#### The data
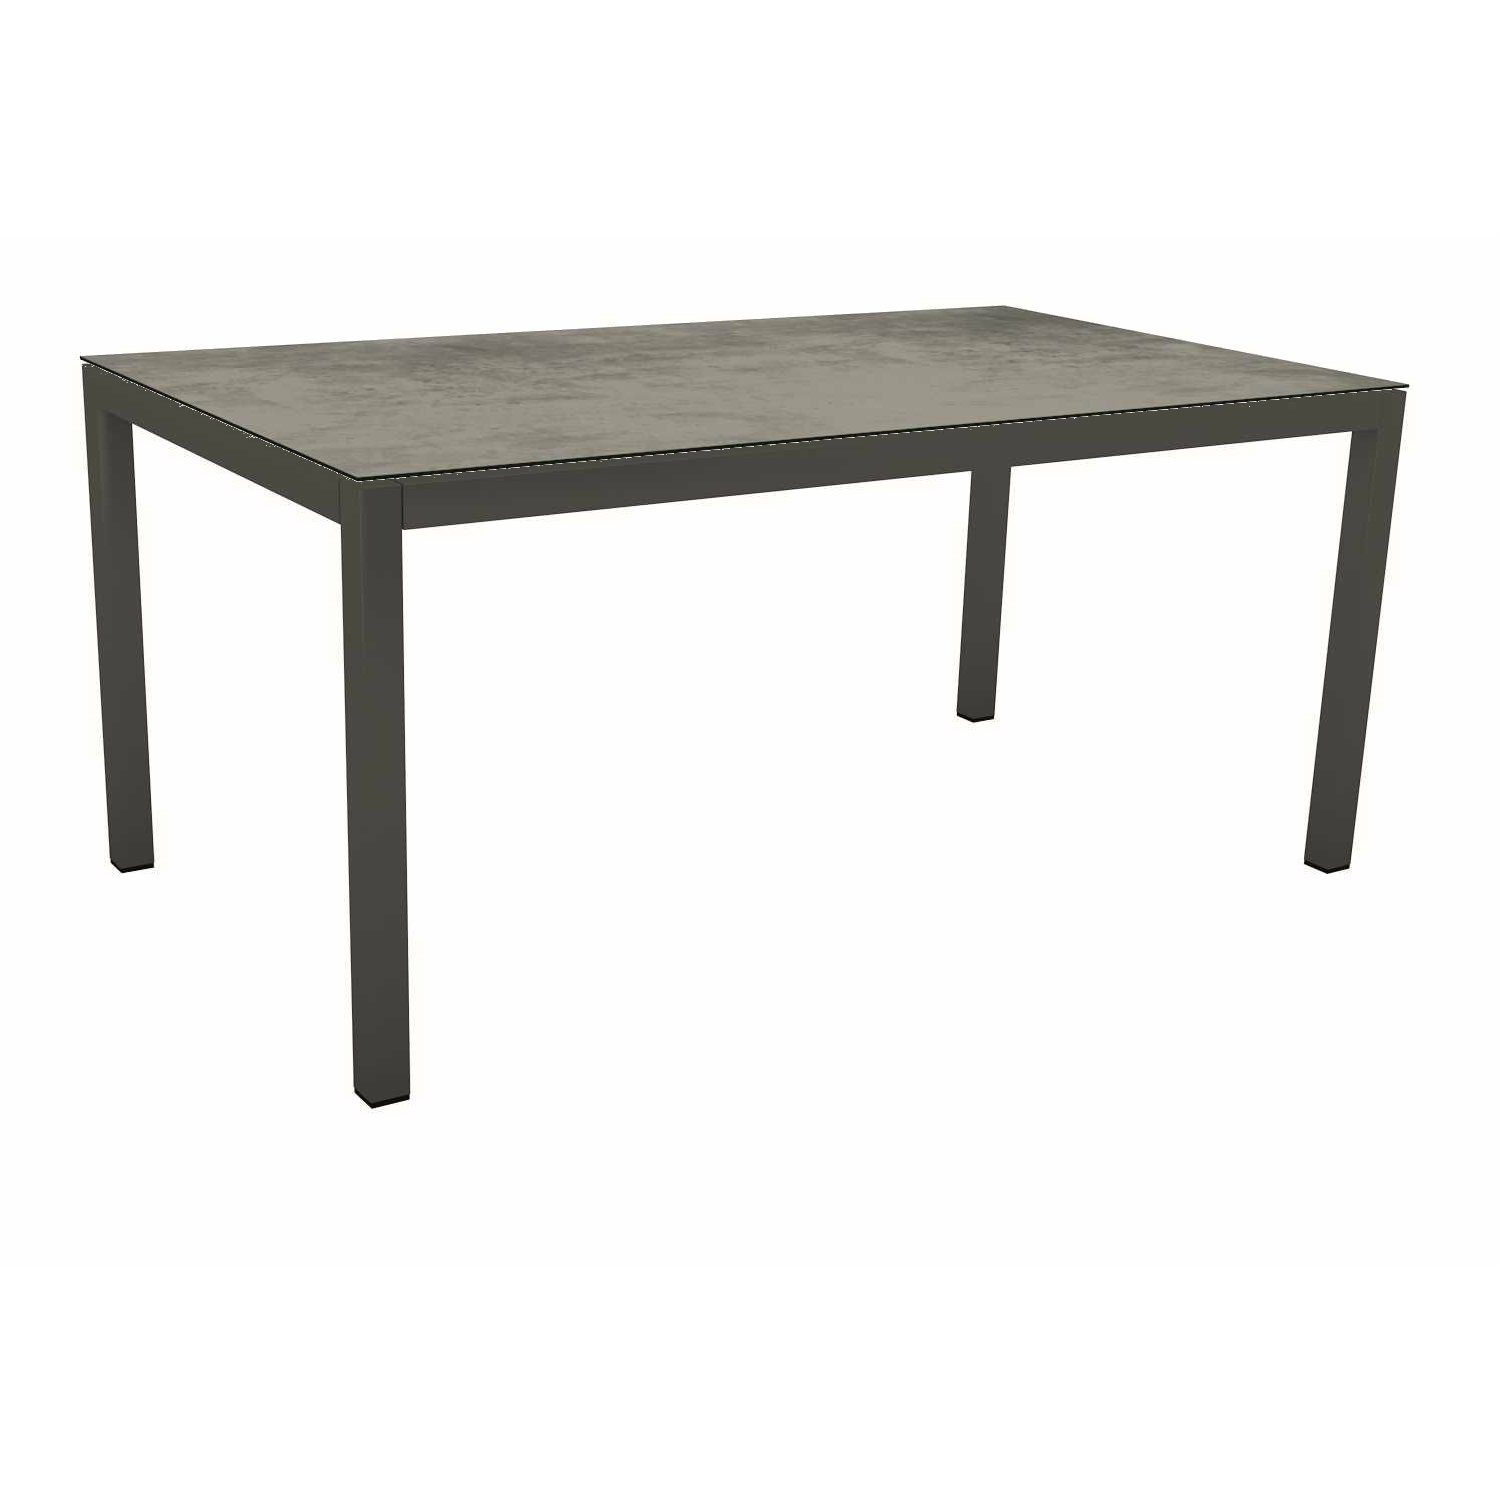 Stern Tischsystem Gartentisch, Gestell Aluminium anthrazit, Tischplatte HPL Zement, Maße: 130x80 cm
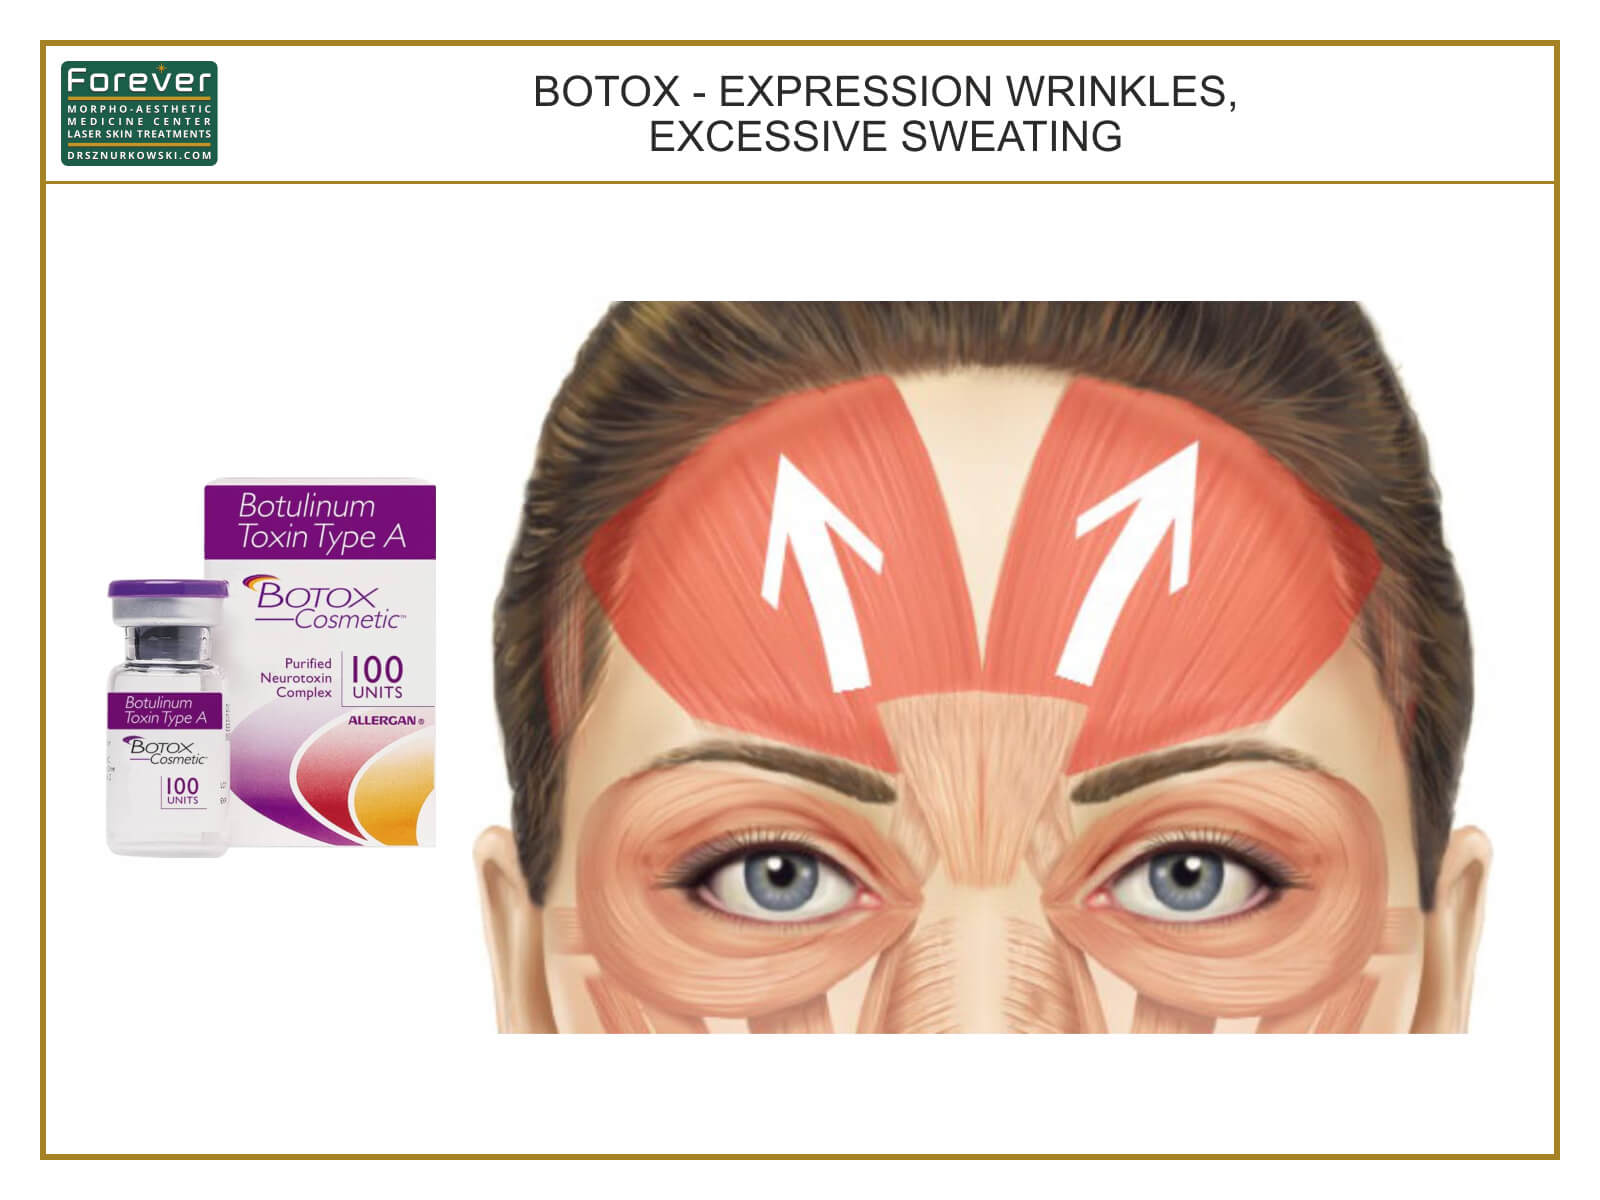 Botox - Expression Wrinkles, Excessive Sweating (80x60) EN.jpg
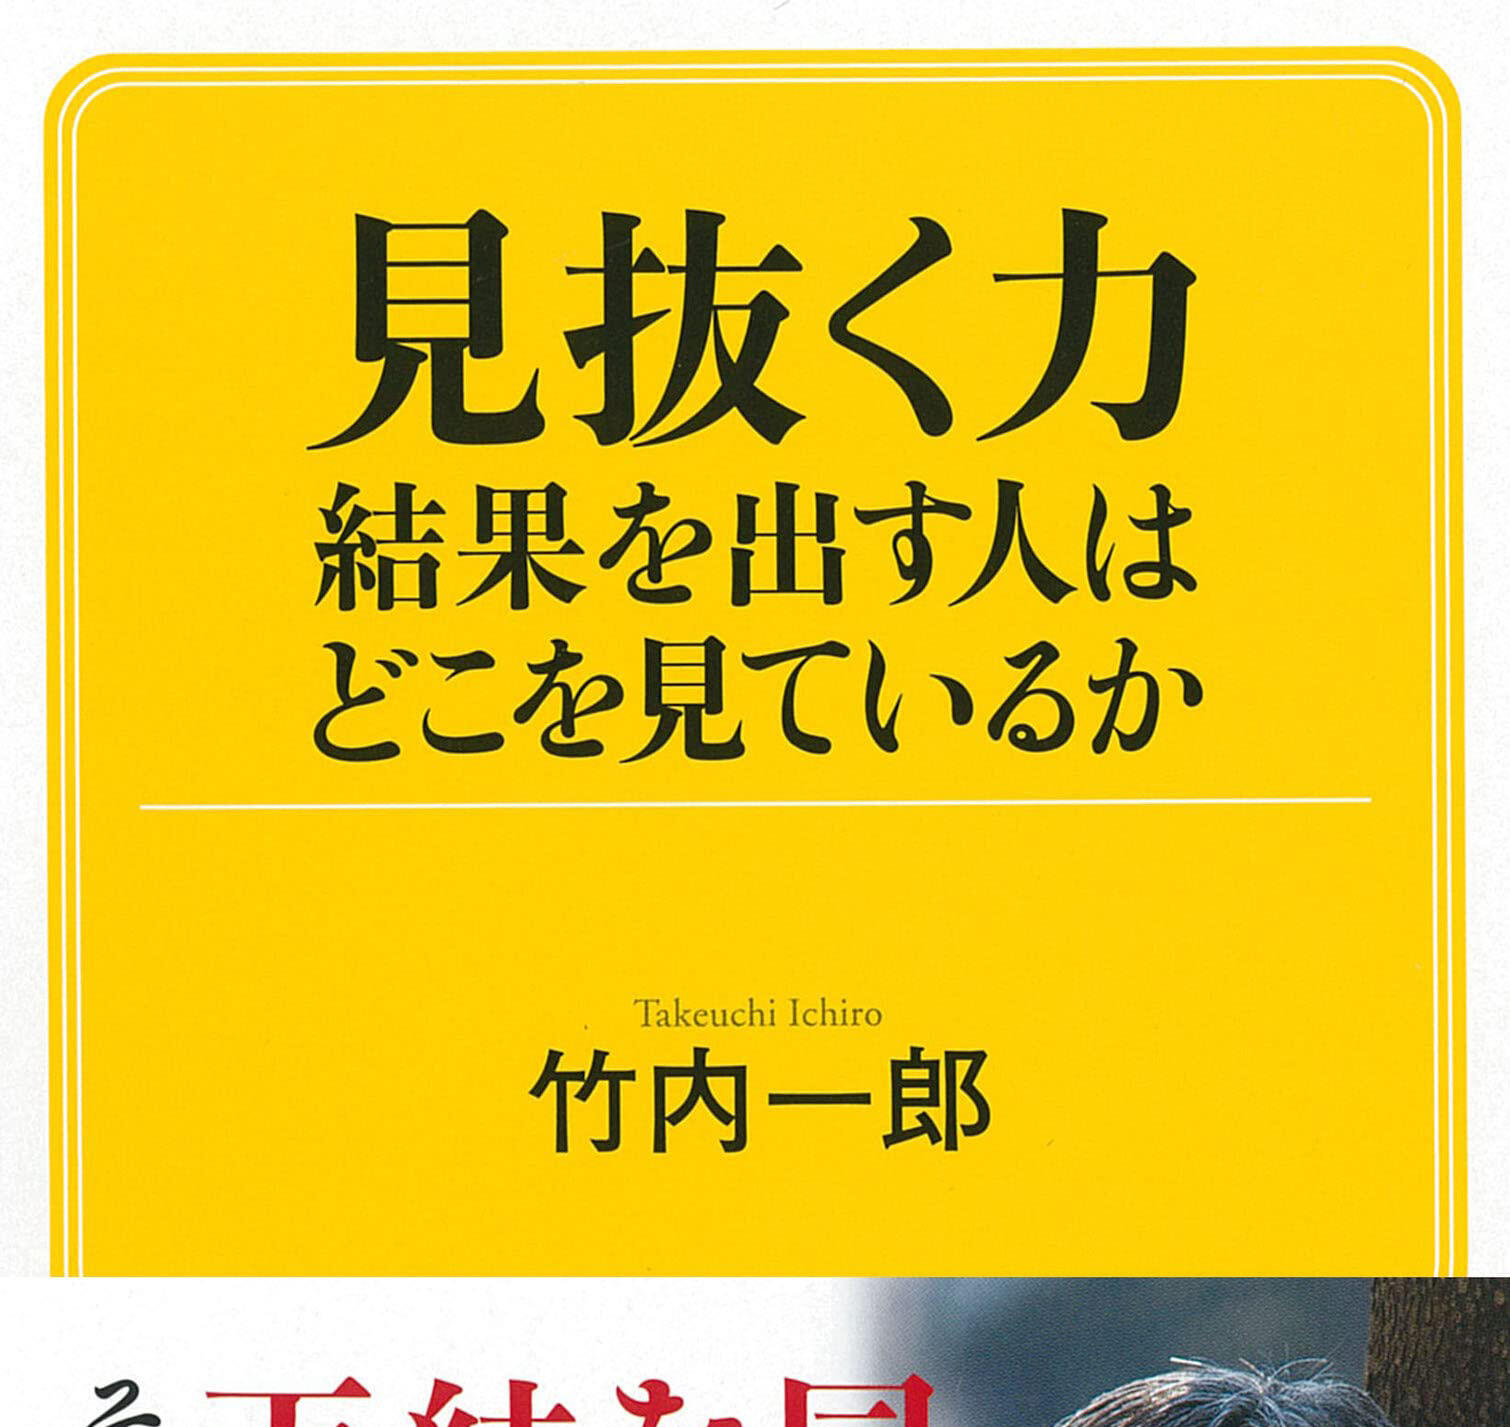 竹内一郎 教授が執筆した『見抜く力 結果を出す人はどこを見ているか』が、1月20日（木）に発売されました。
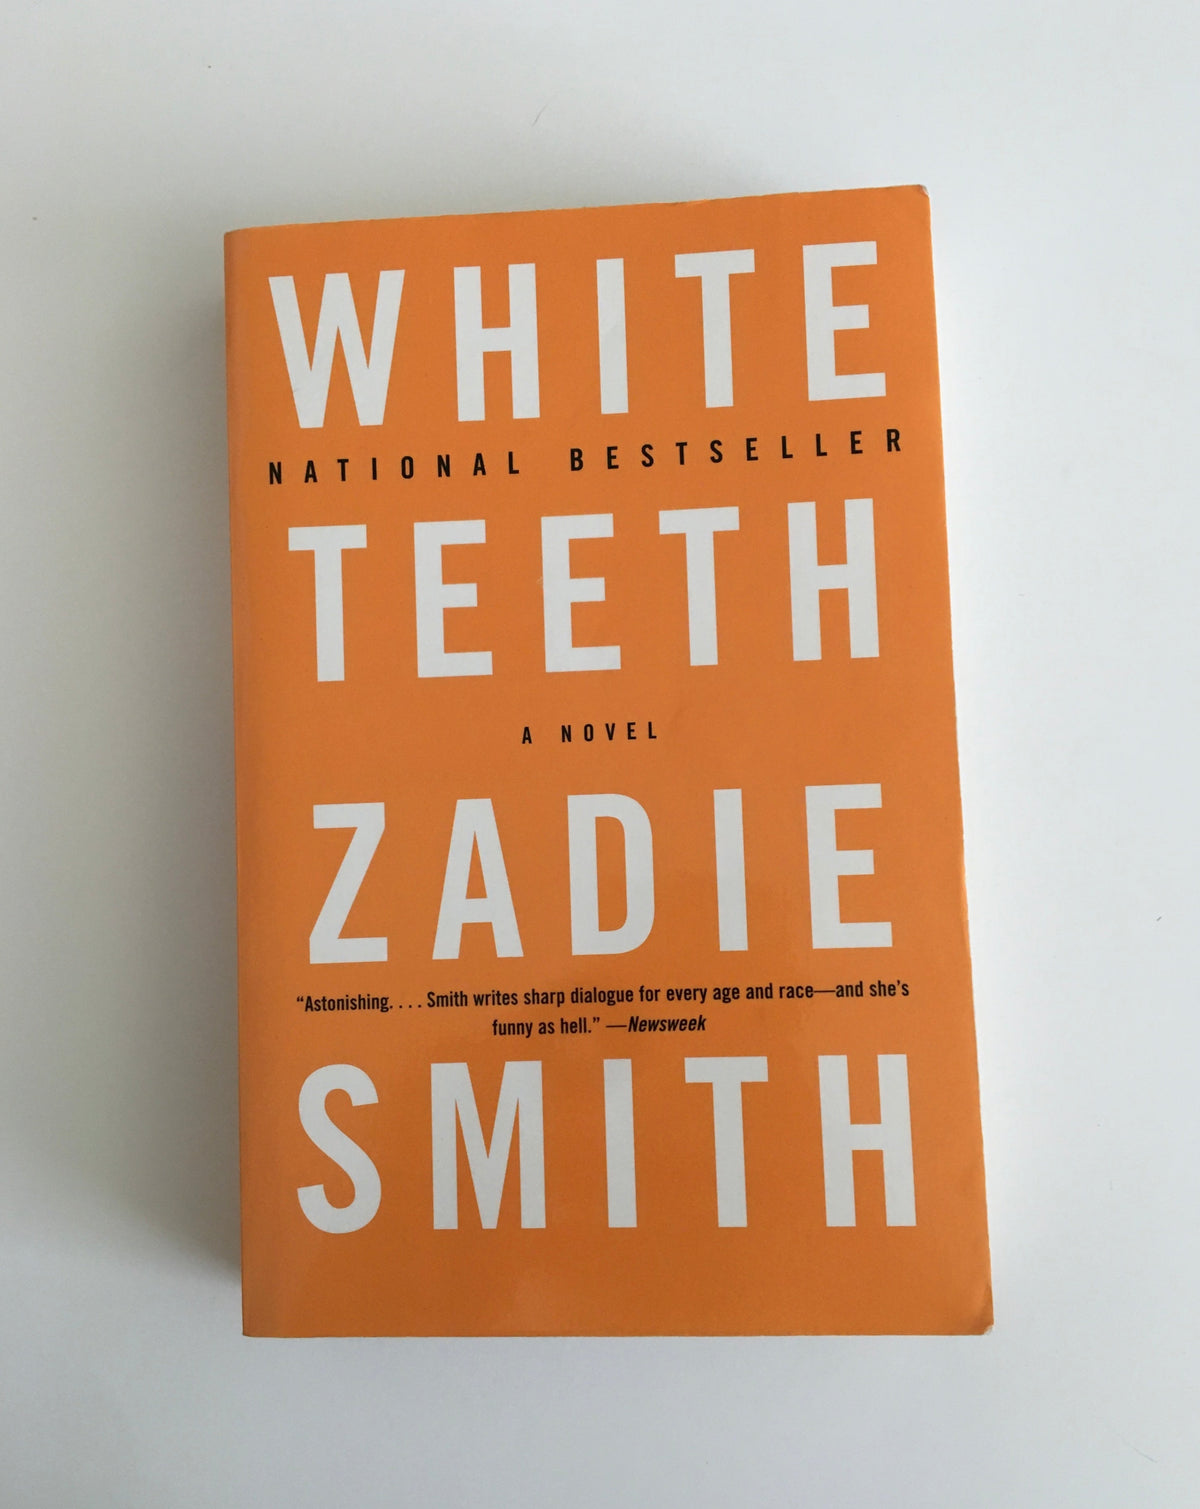 White Teeth by Zadie Smith

#### Action item
No pictures belong in the copy. Return exactly the lines from the line containing "Botox - Expression" through the last line of the listing.

#### Expected answer
 Botox - Expression Wrinkles, Excessive Sweating (80x60) EN.jpg
 竹内一郎 教授が執筆した『見抜く力 結果を出す人はどこを見ているか』が、1月20日（木）に発売されました。
 White Teeth by Zadie Smith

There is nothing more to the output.